Work instructions:
From the first line to the last, please print the entries exactly, omitting pictures.

Data section:
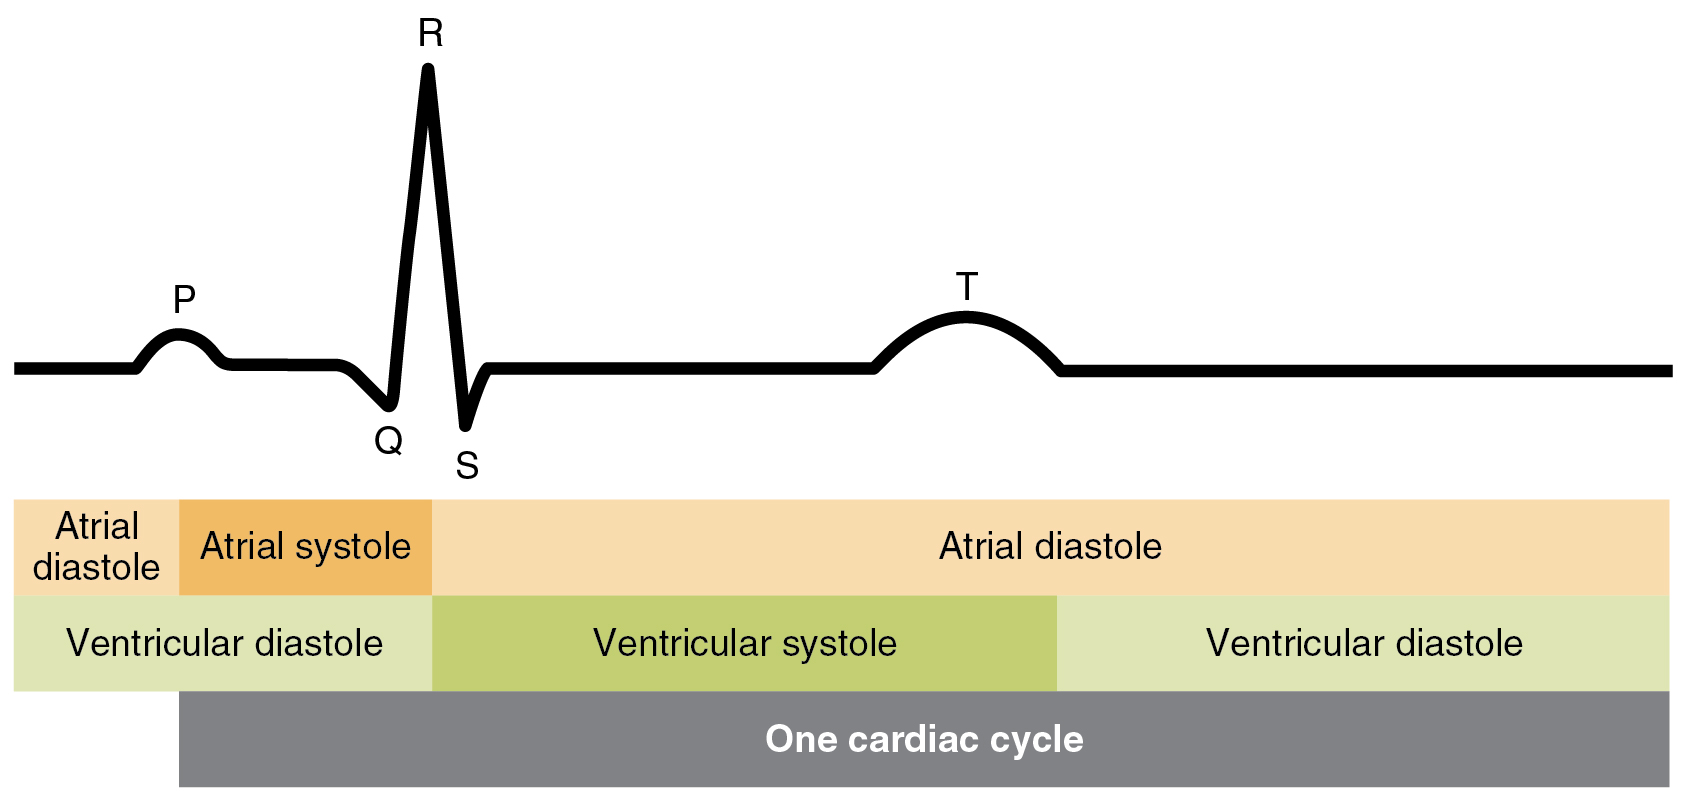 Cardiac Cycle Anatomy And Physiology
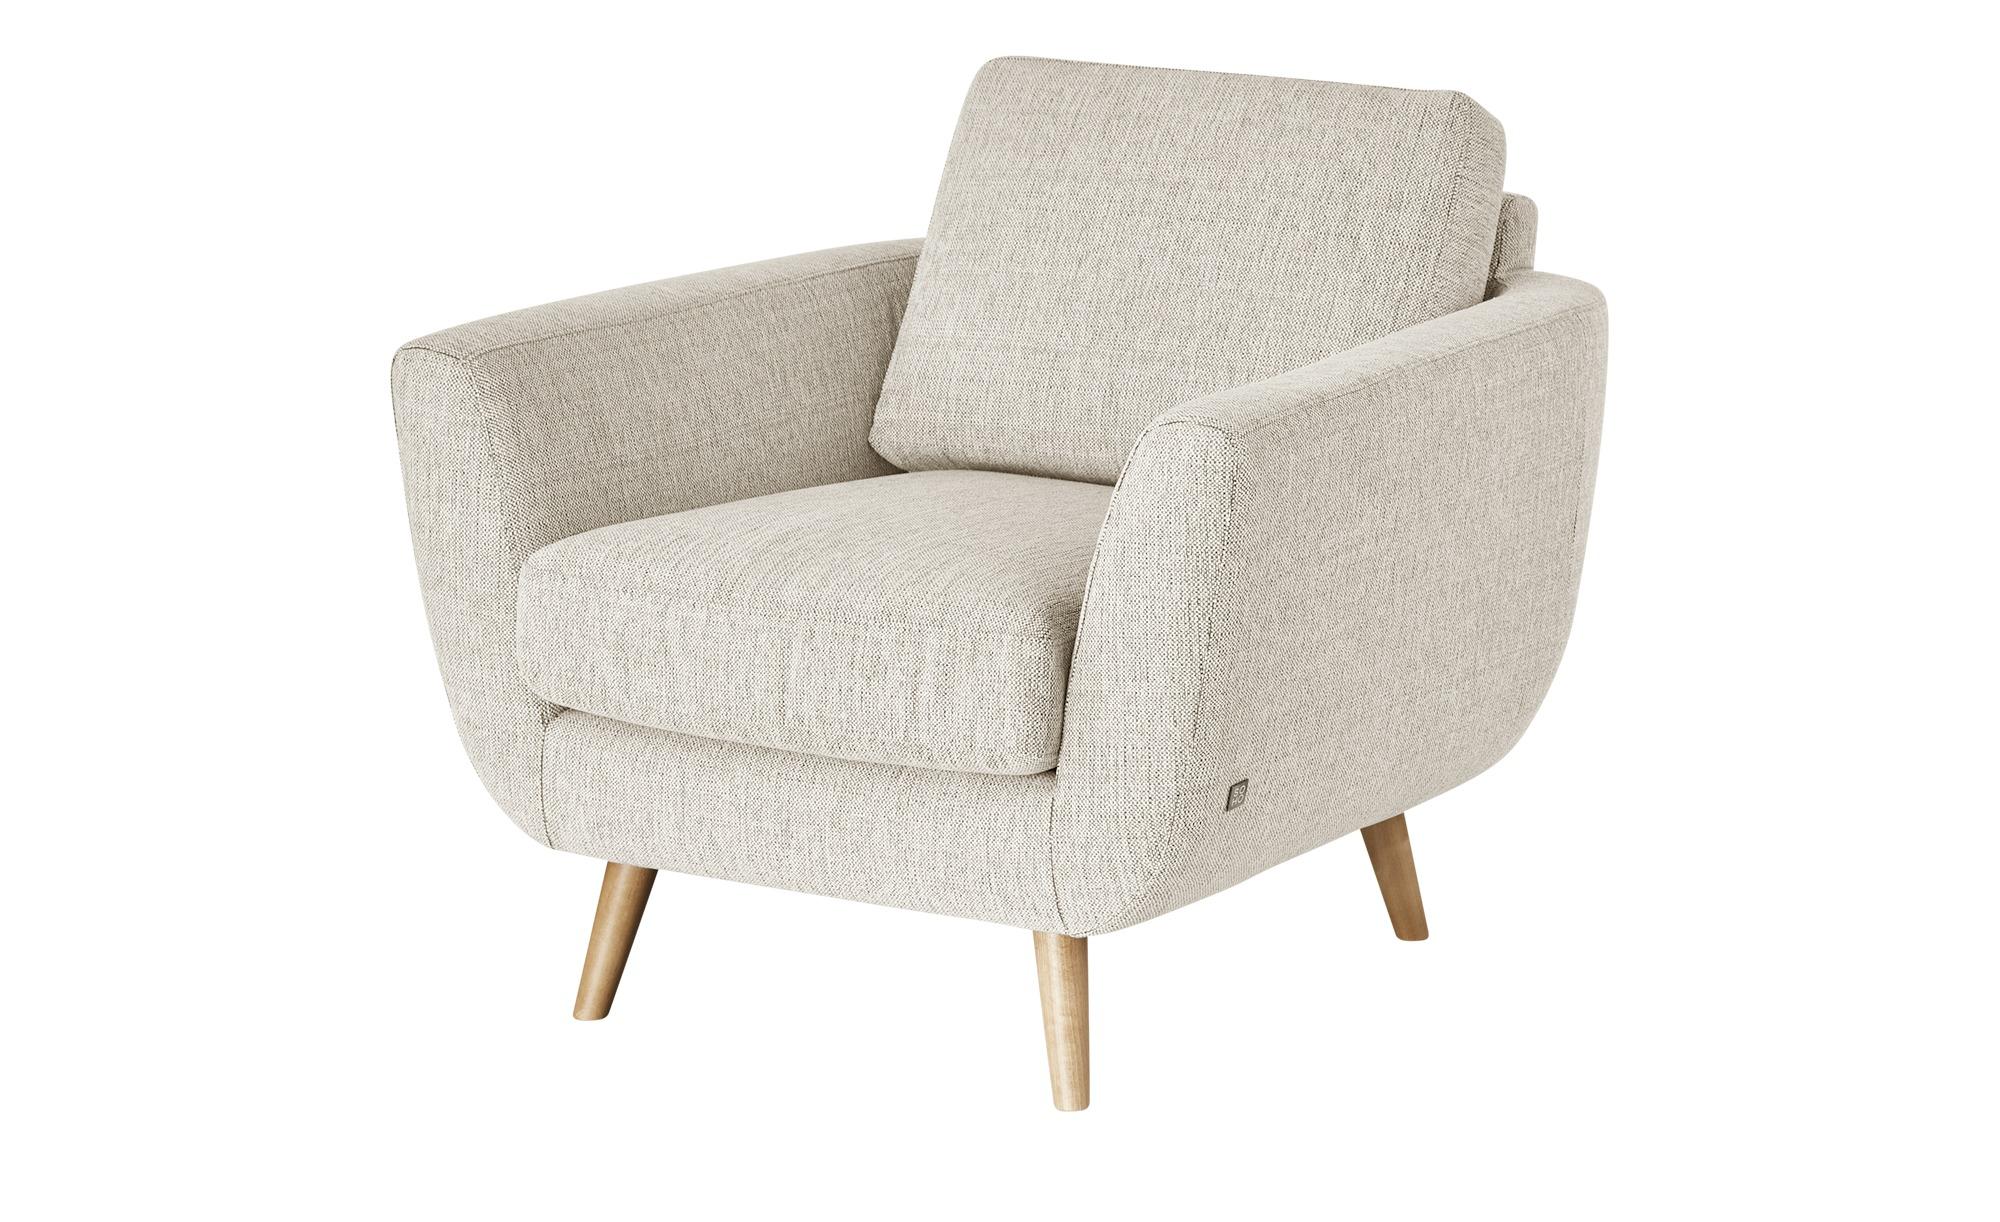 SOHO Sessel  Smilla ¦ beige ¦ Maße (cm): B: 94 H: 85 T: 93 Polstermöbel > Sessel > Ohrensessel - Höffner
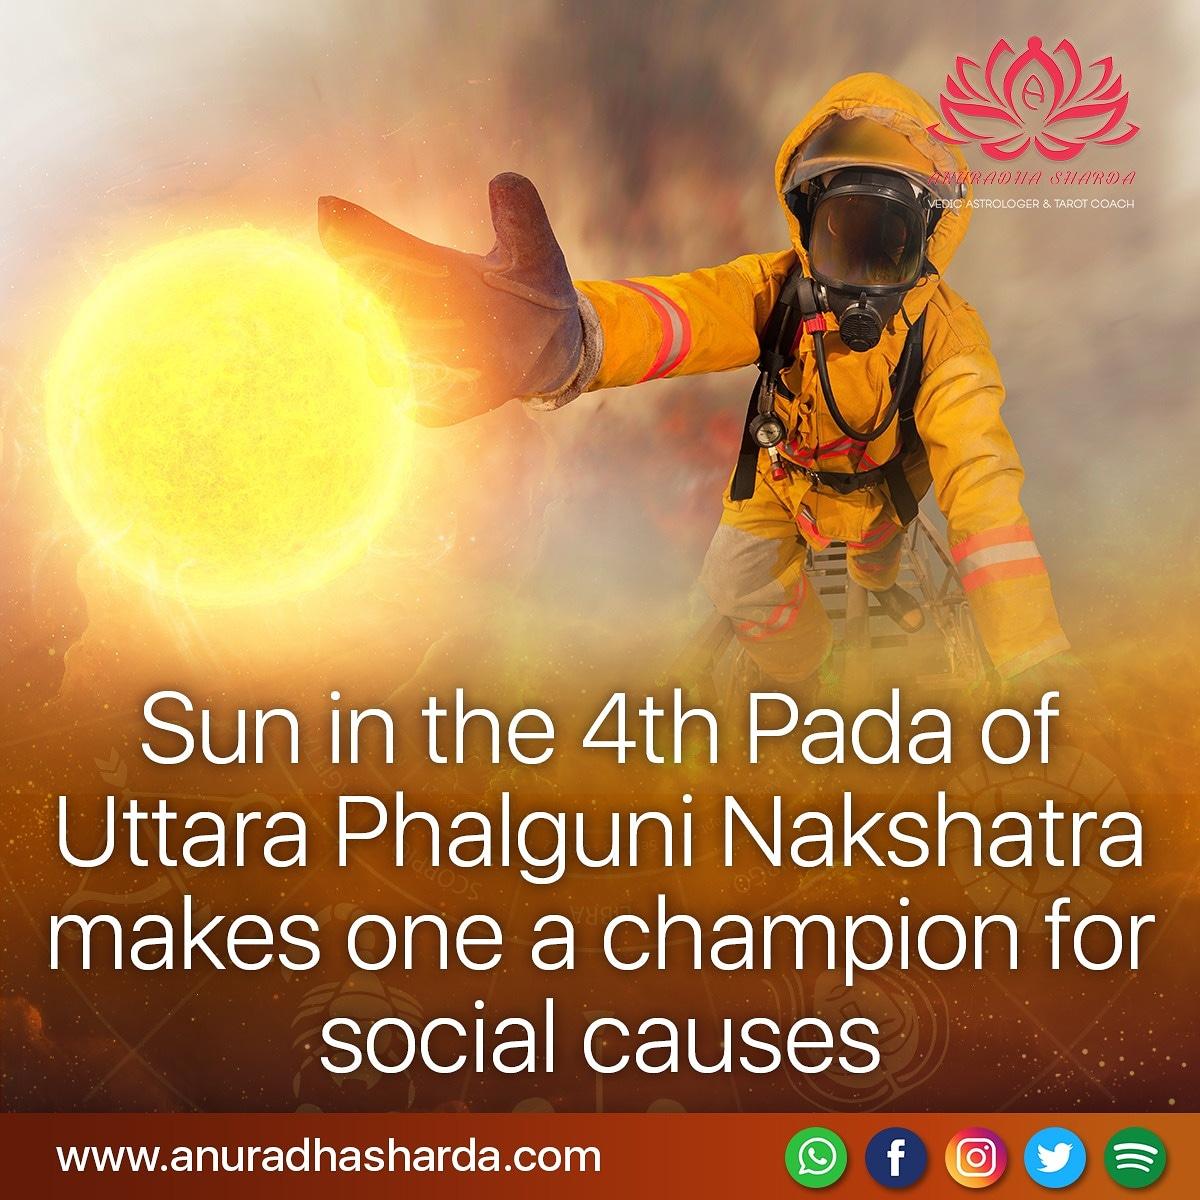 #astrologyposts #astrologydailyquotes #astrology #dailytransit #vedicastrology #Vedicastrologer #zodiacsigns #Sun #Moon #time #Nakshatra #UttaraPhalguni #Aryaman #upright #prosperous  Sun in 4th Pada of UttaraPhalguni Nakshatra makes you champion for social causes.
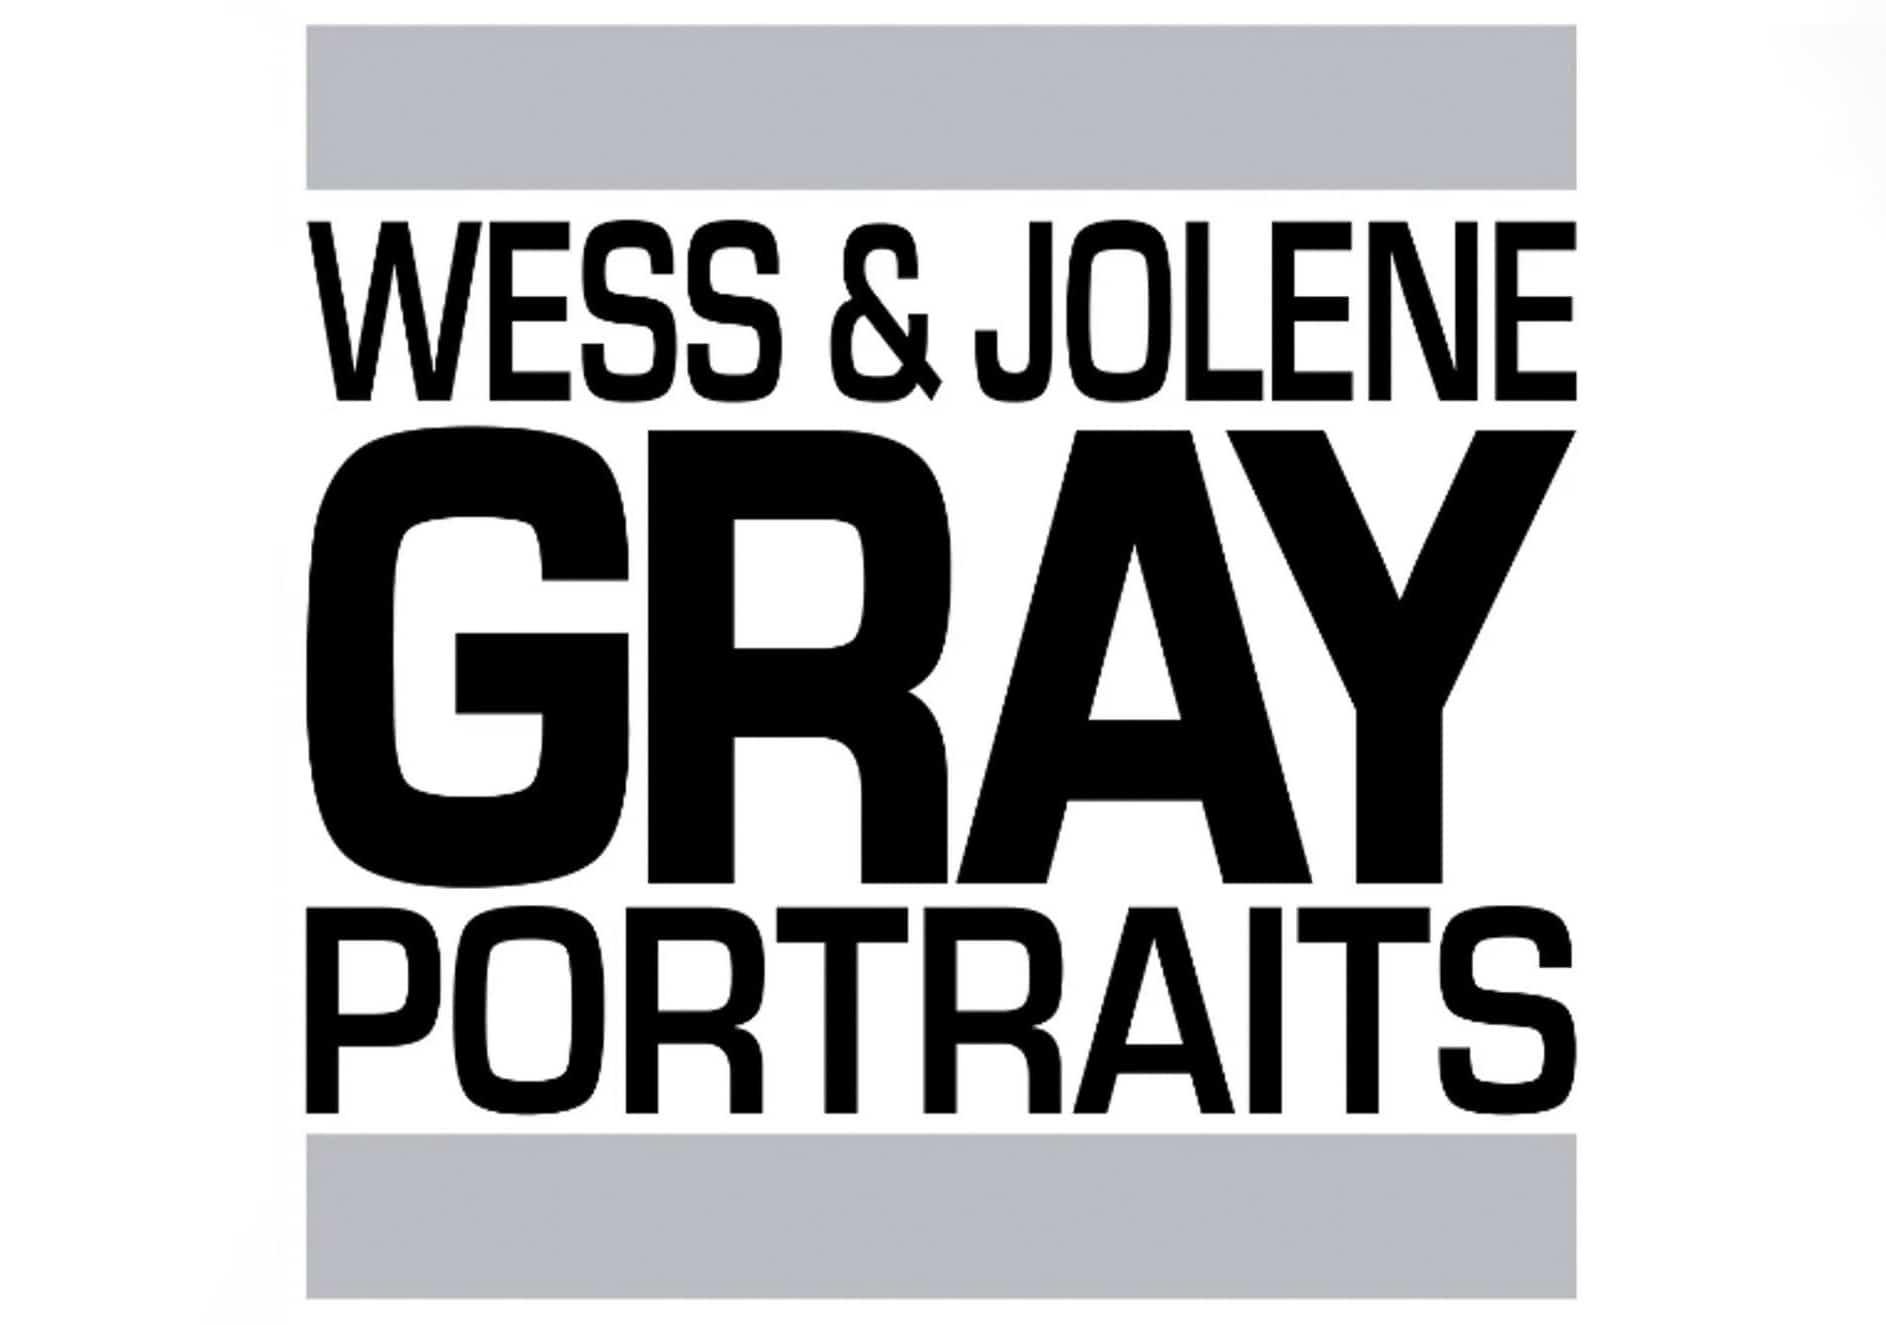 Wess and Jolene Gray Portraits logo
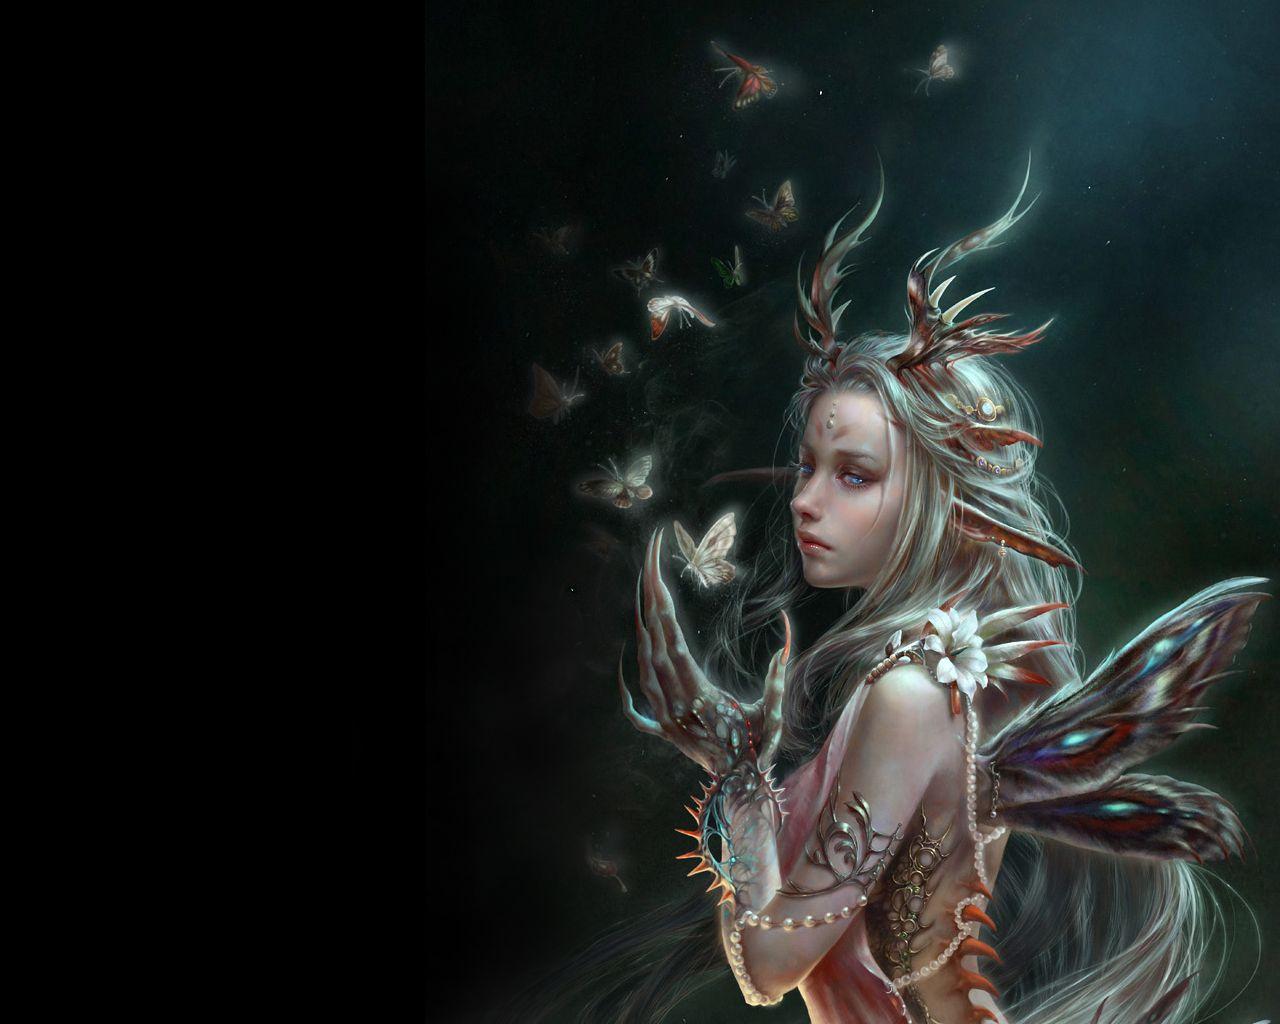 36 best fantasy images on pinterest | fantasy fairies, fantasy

The completed task:
 Cardiac Cycle Anatomy And Physiology
 SOHO Sessel  Smilla ¦ beige ¦ Maße (cm): B: 94 H: 85 T: 93 Polstermöbel > Sessel > Ohrensessel - Höffner
 #astrologyposts #astrologydailyquotes #astrology #dailytransit #vedicastrology #Vedicastrologer #zodiacsigns #Sun #Moon #time #Nakshatra #UttaraPhalguni #Aryaman #upright #prosperous  Sun in 4th Pada of UttaraPhalguni Nakshatra makes you champion for social causes.
 Wess and Jolene Gray Portraits logo
 36 best fantasy images on pinterest | fantasy fairies, fantasy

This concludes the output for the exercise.